Danke für die Hilfe, jetzt funktionierts im Explorer aber im Opera gehts nicht. Wäre gut wenn es dort auch gehen würde. Ich habe nur das object-Element eingefügt, als ich das embed-Element einfügte gab es im Opera Browser einen grossen Abstand in der Flash-Animation und der ganze Seiteninhalte rutschte nach unten.


----------



## Maik (2. Oktober 2007)

Ich kann im Opera 9 keinen grossen Abstand in der Flash-Animation entdecken, der Seiteninhalt rutscht auch nicht nach unten, wenn ich im embed-Element das empfohlene Attribut wmode="opaque" einsetze.

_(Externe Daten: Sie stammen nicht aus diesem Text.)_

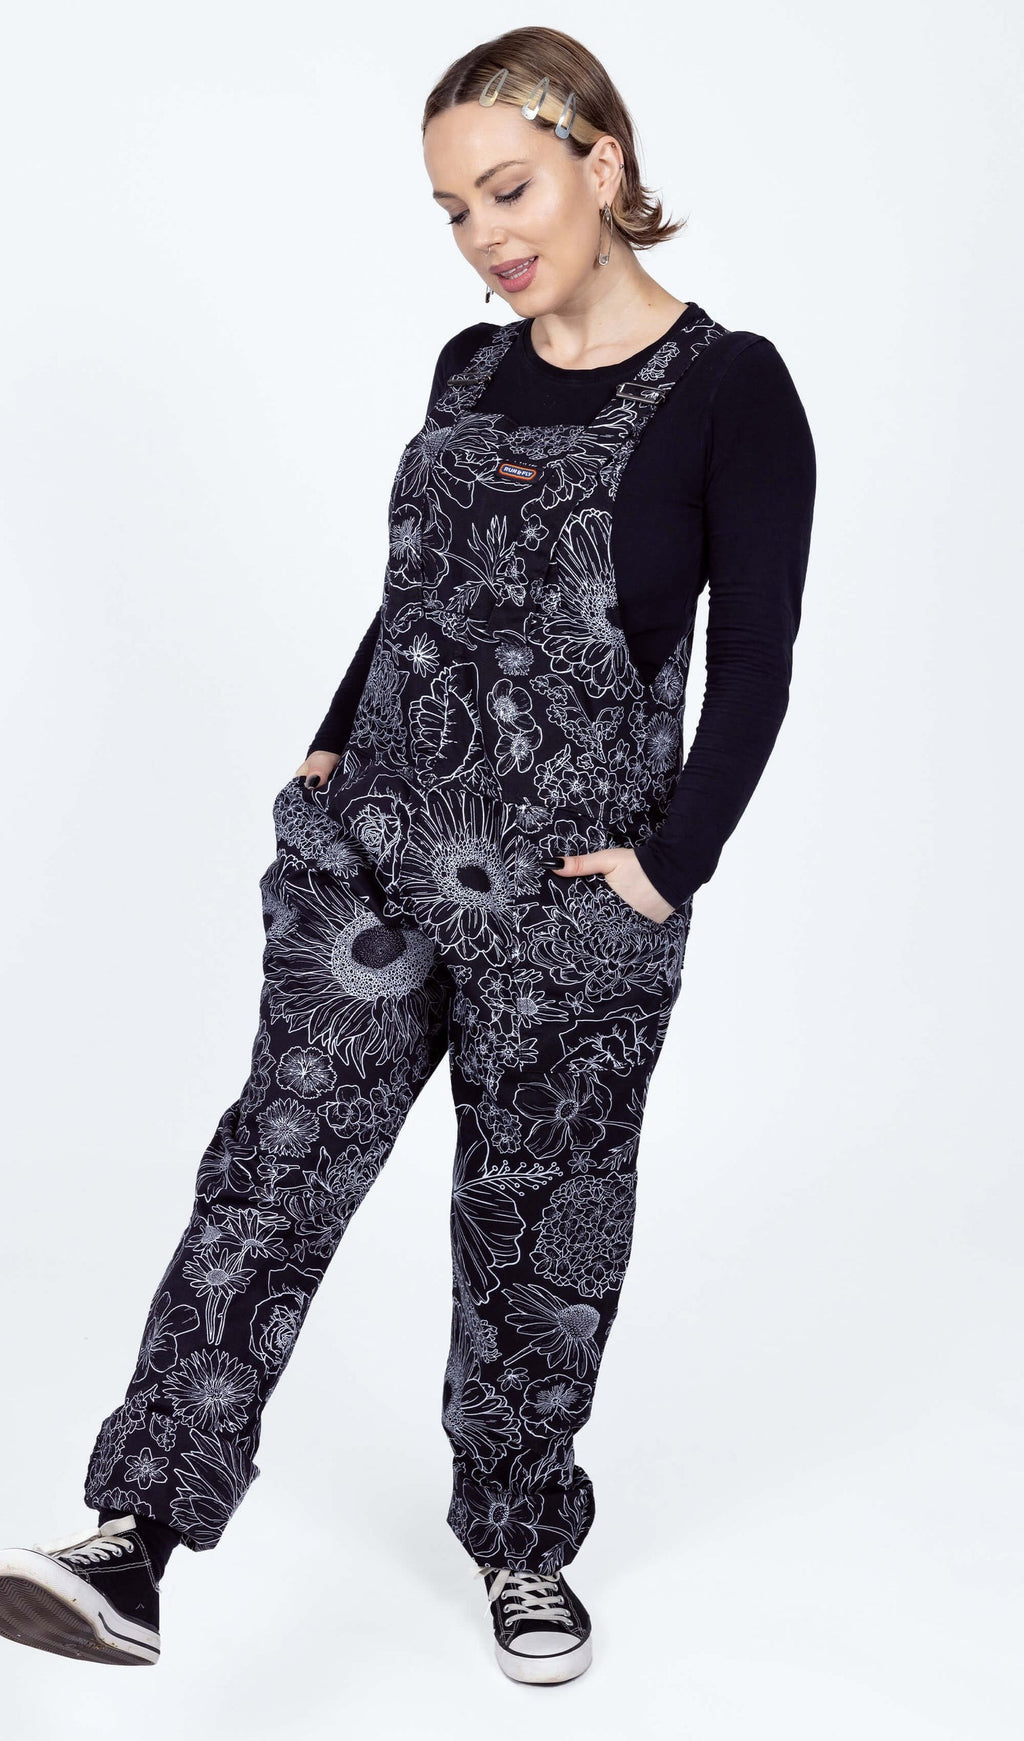 Black and White Floral Stretch Twill Cotton Dungarees by Run and Fly

Hast du die Seite eigentlich schon mal in einem der Gecko-Browser (Firefox, Mozilla, Netscape, SeaMonkey) betrachtet? In ihnen läuft das Script überhaupt nicht.


----------



## catuaba (3. Oktober 2007)

es funktioniert jetzt im Opera hatte das embed-Element nicht am richtigen Ort eingegeben. Ja ist schade, dass nicht im Firefox funktioniert! Gibt es da vielleicht eine Möglichkeit. Ich habe gelesen, dass der "doctype" wichtig ist damit alles richtig angezeigt wird. Habe aber den empfohlenen doctype eingefügt. Es geht aber trotzdem nicht. Oder hat es einen anderen Grund weshalb es im Firefox nicht funktioniert!?

<!DOCTYPE html PUBLIC "-//W3C//DTD HTML 4.01 Transitional//EN">


----------